А Катя ухмыляется, не отрывая глаз от вязанья, и притворяется испуганной. Она елейно вторит деду:
– А я, тятенька, выйду и скажу ангелю: «Ангель Божий, милый, ты же сам видишь, неповинны они, тятенька с маменькой: ничего они со мной поделать не смогли. Тятенька со всей душой драл бы меня как Сидорову козу, да я уж больно отчаянная. Не раз было, ангель Божий, когда я у тятеньки кнут вырывала, а его самого брала за плечики и к переднему углу подводила и кричала ему: „Молись Богу, тятенька, уходи от греха!” – он только бегает да портками трясет…» Ангель Божий тогда с улыбочкой поглядит, головку золотую свою почешет и скажет: «Да шут с ними совсем! Пускай они, господи, идут в рай: всё едино от них толку никакого не добьёшься…»
– Не богохульствуй, дура! Дай срок, я полежу вот, посплю… а потом и космы тебе надеру…
Семья наша была небольшая – девяти человек, если считать по тому времени и меня за человека. Несколько лет назад было двенадцать: двух девок выдали замуж в соседние села – Марью и Пашу. Была ещё прабабушка, да умерла недавно – мать бабушки. Бабушка родила четырнадцать детей, из них осталось семь. А семь младенцев умерли то от «горлышка», то от «горячки», то от «брюшка»; одного пропорол насквозь бык; другой сел на деревянные трёхрогие вилы на гумне, когда, маленький, отважился съехать с соломенного омёта вниз; третий уткнул.
Бабушка говорила о них, охая, причитая, с обычными стонами, но в голосе её я не чувствовал ни горя, ни жалости. Вероятно, ей, как и мне, который этих детей никогда не знал, они были уже чужие – какие-то тени, похожие на угасающие призраки.

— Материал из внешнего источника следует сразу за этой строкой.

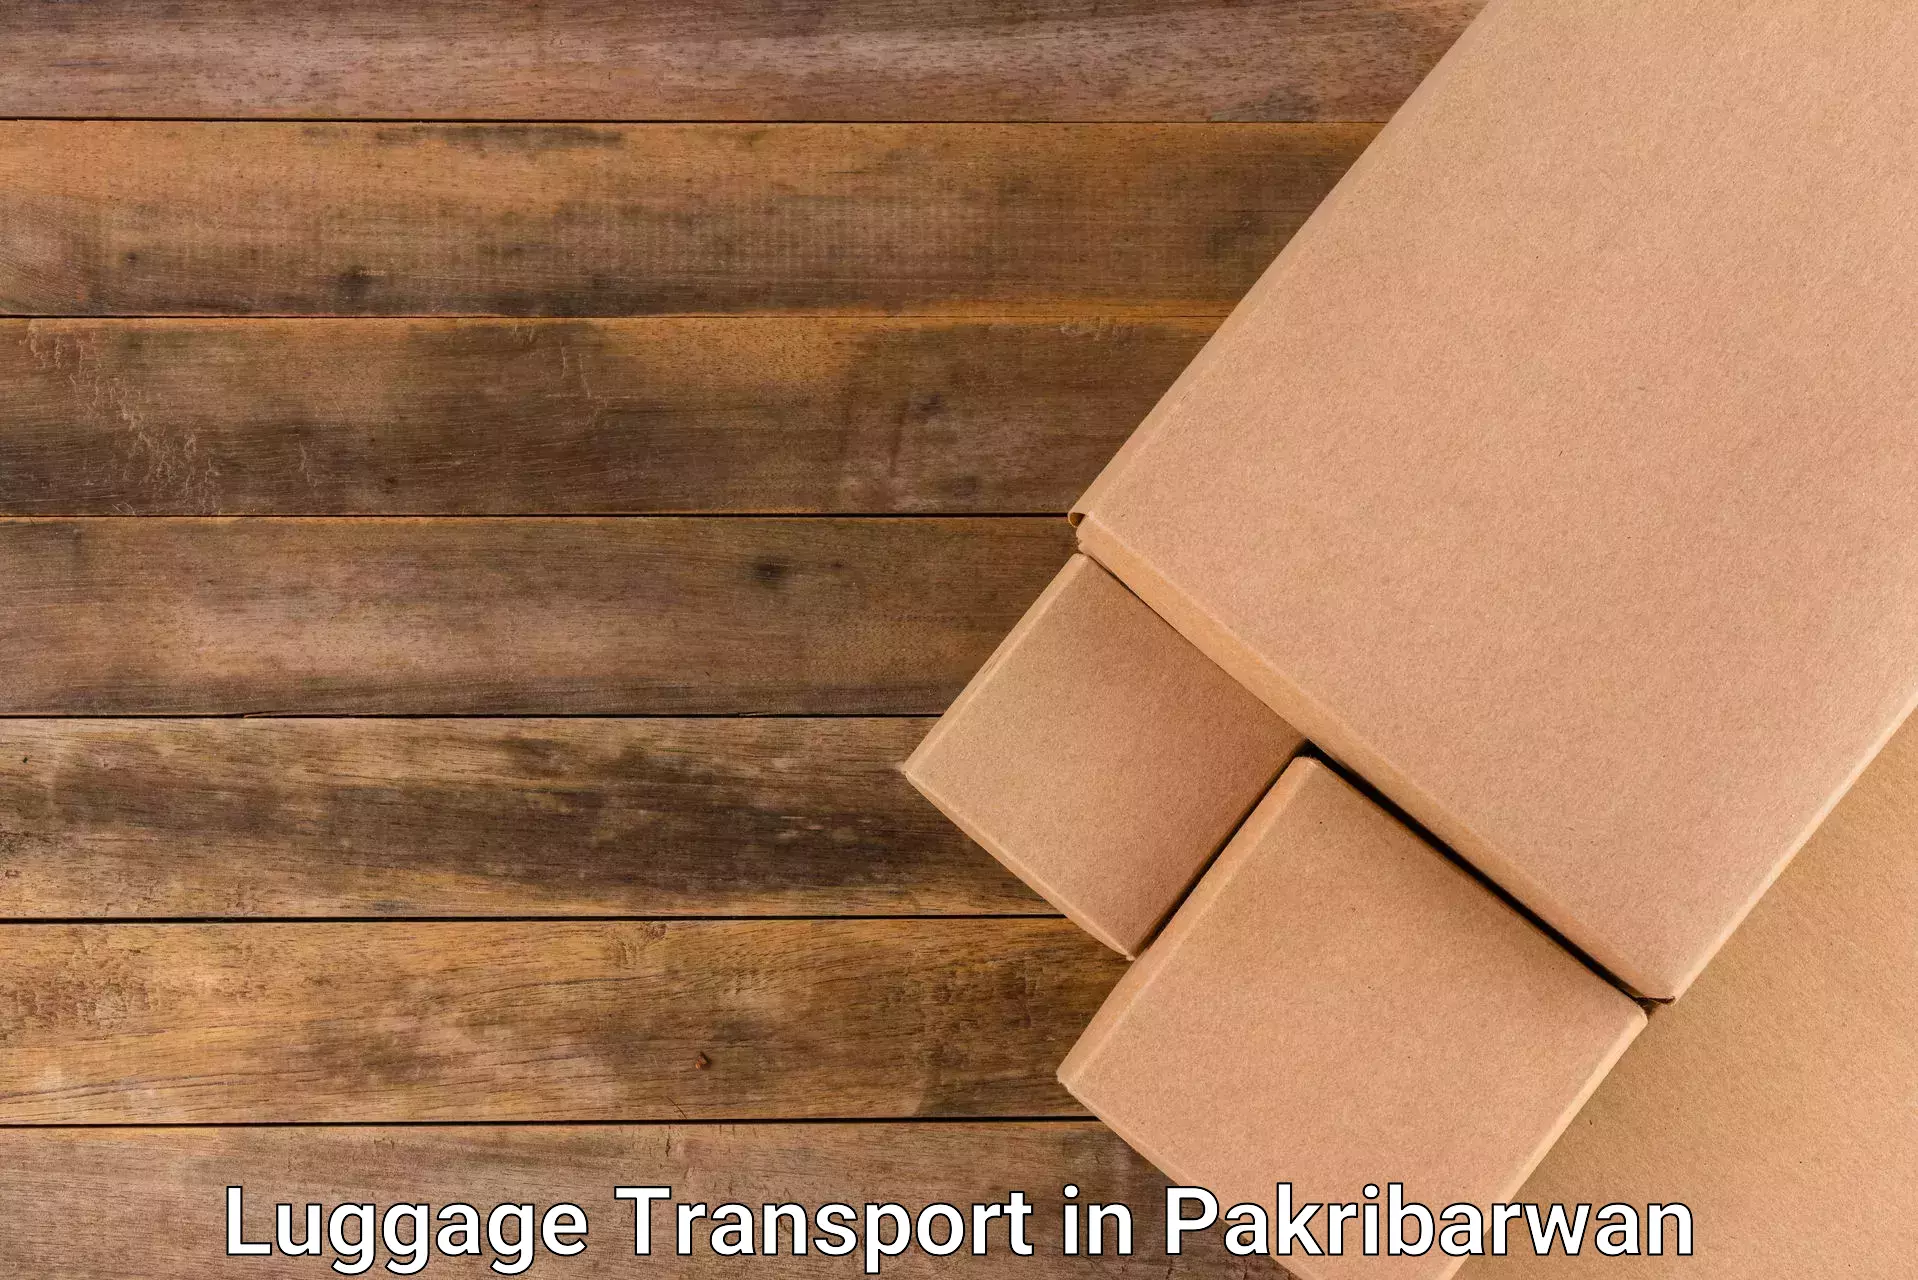 Express luggage delivery in Pakribarwan

Она называла их нежными именами – Дёмушка, Мишенька, Олёнушка, – но эти имена были будто созданы ею самой: ни её, ни меня они не волновали, – они были менее реальны, чем имена героев тех сказок, которые она рассказывала мне на печи. Олёнушка и её братец Иванушка были мне роднее, ближе, ощутимее, чем умершие её младенцы. У её младенцев Олёнушки и Дёмушки не было никакой интересной судьбы: они родились и исчезли, а Олёнушка и Иванушка из сказки жили в моём воображении, как живые ребятишки, с плотью и кровью. Это мои одногодки, такие же белоголовые кудряшки: она – в сарафанишке, он – в пунцовой рубашке и в портчишках. Иванушка утонул в болотце – в таком же, как в жуткой котловине за селом, у речки, – покрытом зелёной ряской, с глазастыми, мордатыми лягушками. Олёнушка сидела так же, как я, – на корточках – и очарованно смотрела на таинственную ряску, одевающую неведомую воду болота, и на лягушек, глазеющих на солнце и глотающих его, не раскрывая рта.
Я спрашивал бабушку:
– А как бык запырял Дёмушку?
Она нехотя, насилуя себя, позёвывая, отвечала:
– Так и запырял… поднял на рога и – бежать…
– А как? Расскажи…
– Так и поднял на рога… Бык – он бык и есть… А ты спи… перекстись и спи…
– А тебе их жалко?
– Как же не жалко – знамо, жалко, глупенький. Да ведь жалеть-то грех: их ведь Господь прибрал.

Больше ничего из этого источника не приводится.